-- Source material --

[Start of Attachment]

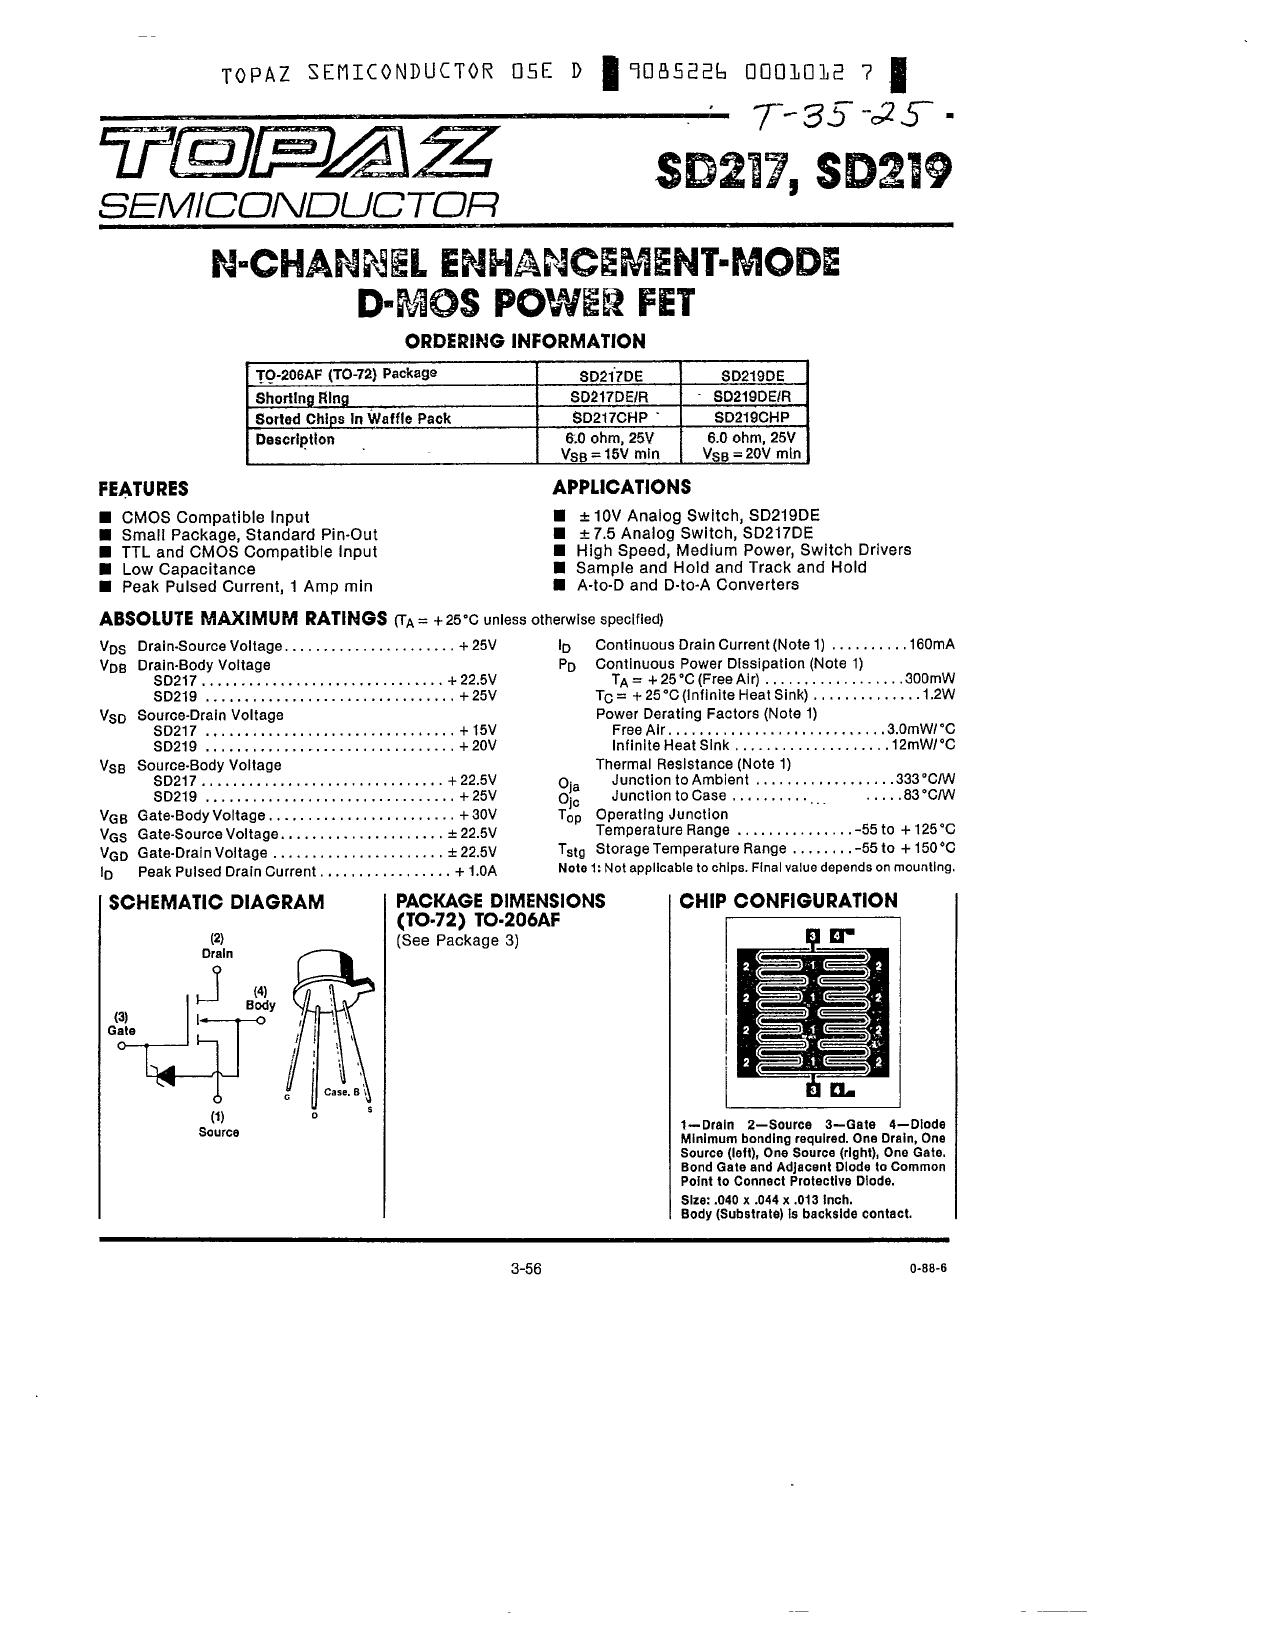 SD219 دیتاشیت PDF
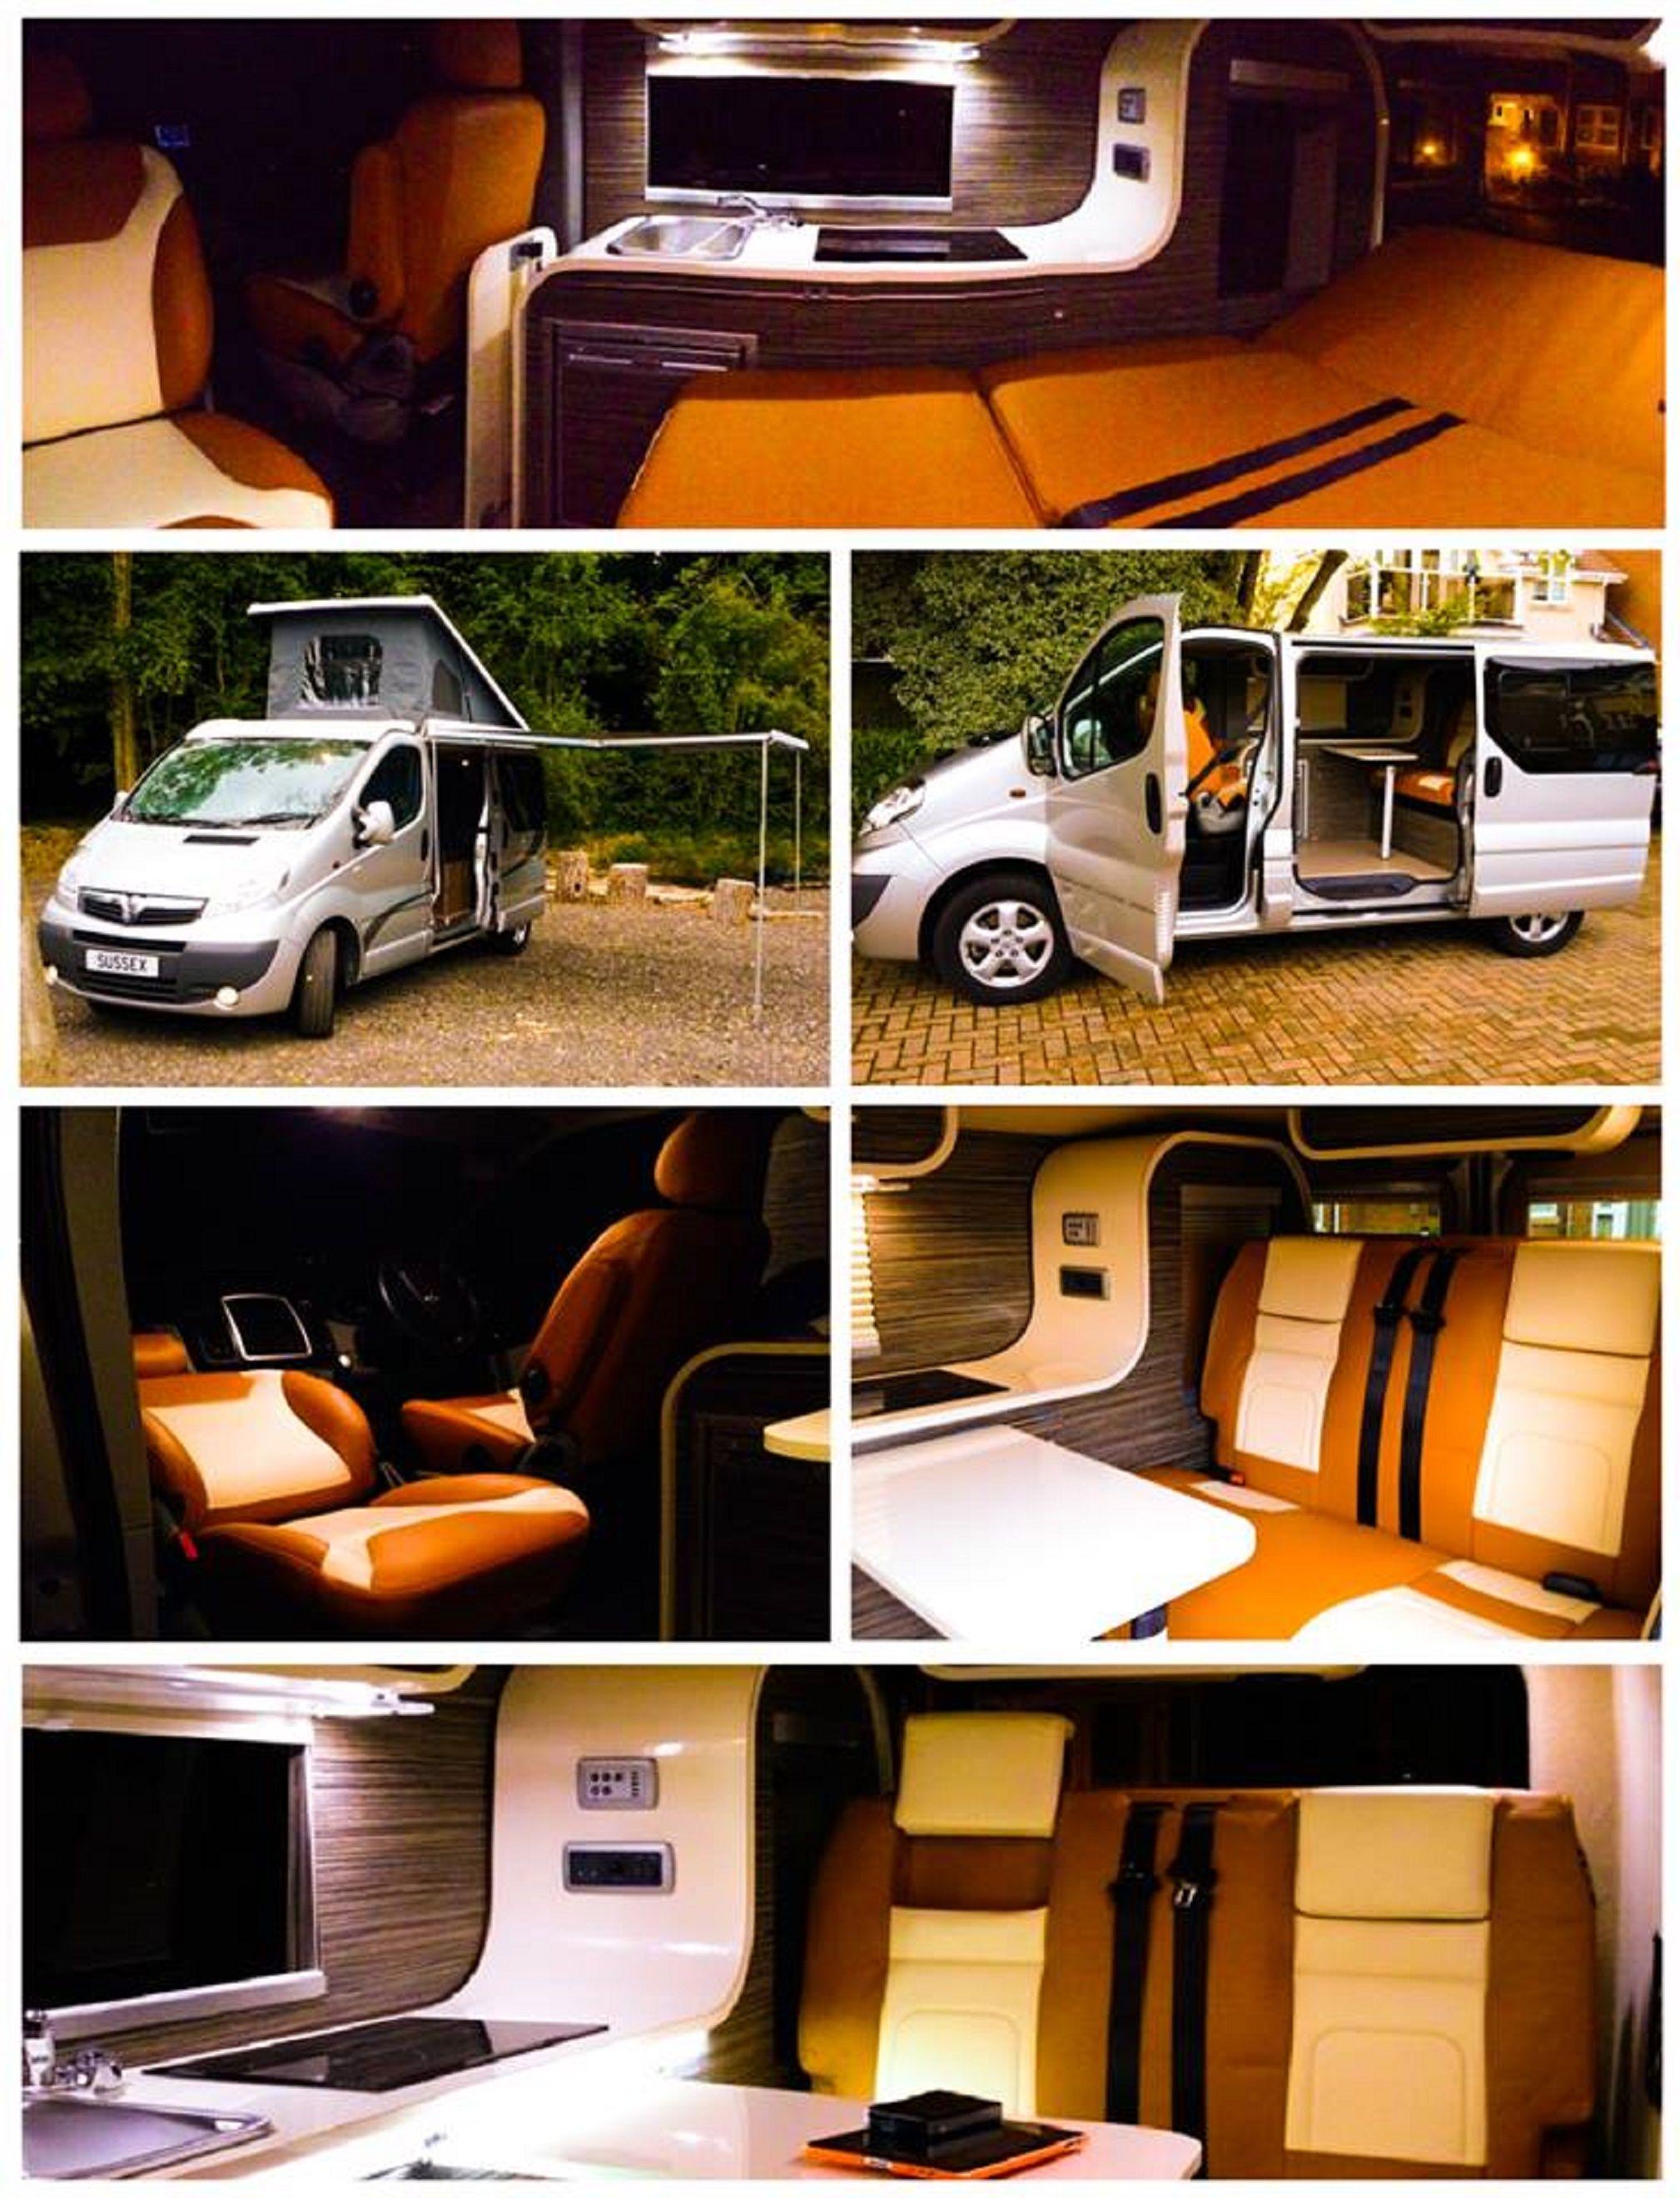 61 Vauxhall Vivaro Sportive Camper Van 147PS Luxury SUV Conversion
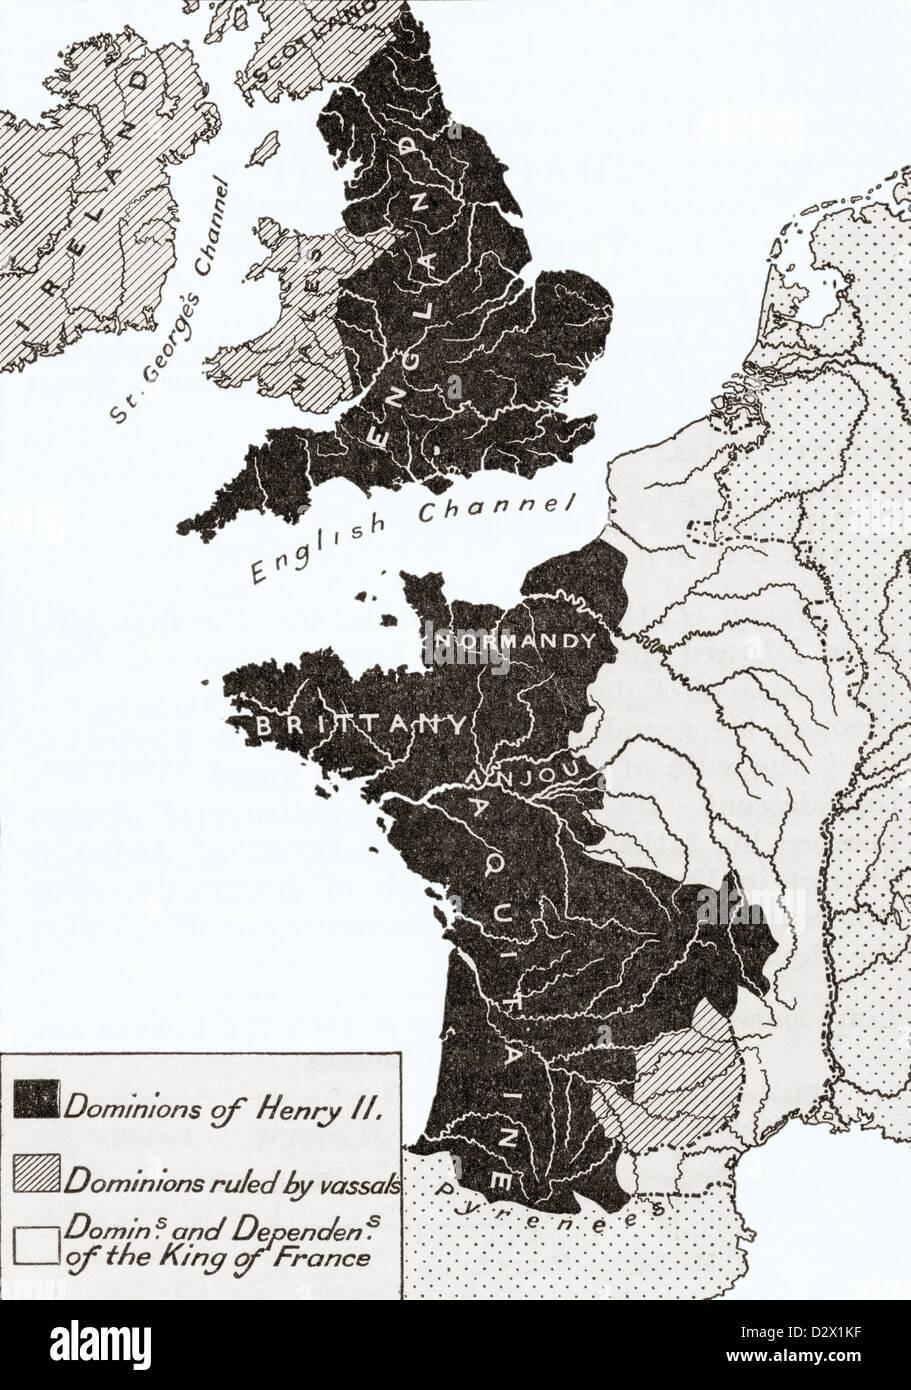 England On Map on england city map, england on worldmap, england flag, england europe map, england food, england on globe, england united kingdom political map, scotland ireland uk map, london map, england shape, england poppies, holy roman empire map, england civil war map, england london, world map, england on google earth, uk great britain map, new england states us map, england christmas, england map hd,

[End of Attachment]

-- About this exercise --
Repeat the listing above exactly from its first line to the line containing "61 Vauxhall Vivaro", both included, and omit the pictures.

-- Answer to this exercise --
 SD219 دیتاشیت PDF
 61 Vauxhall Vivaro Sportive Camper Van 147PS Luxury SUV Conversion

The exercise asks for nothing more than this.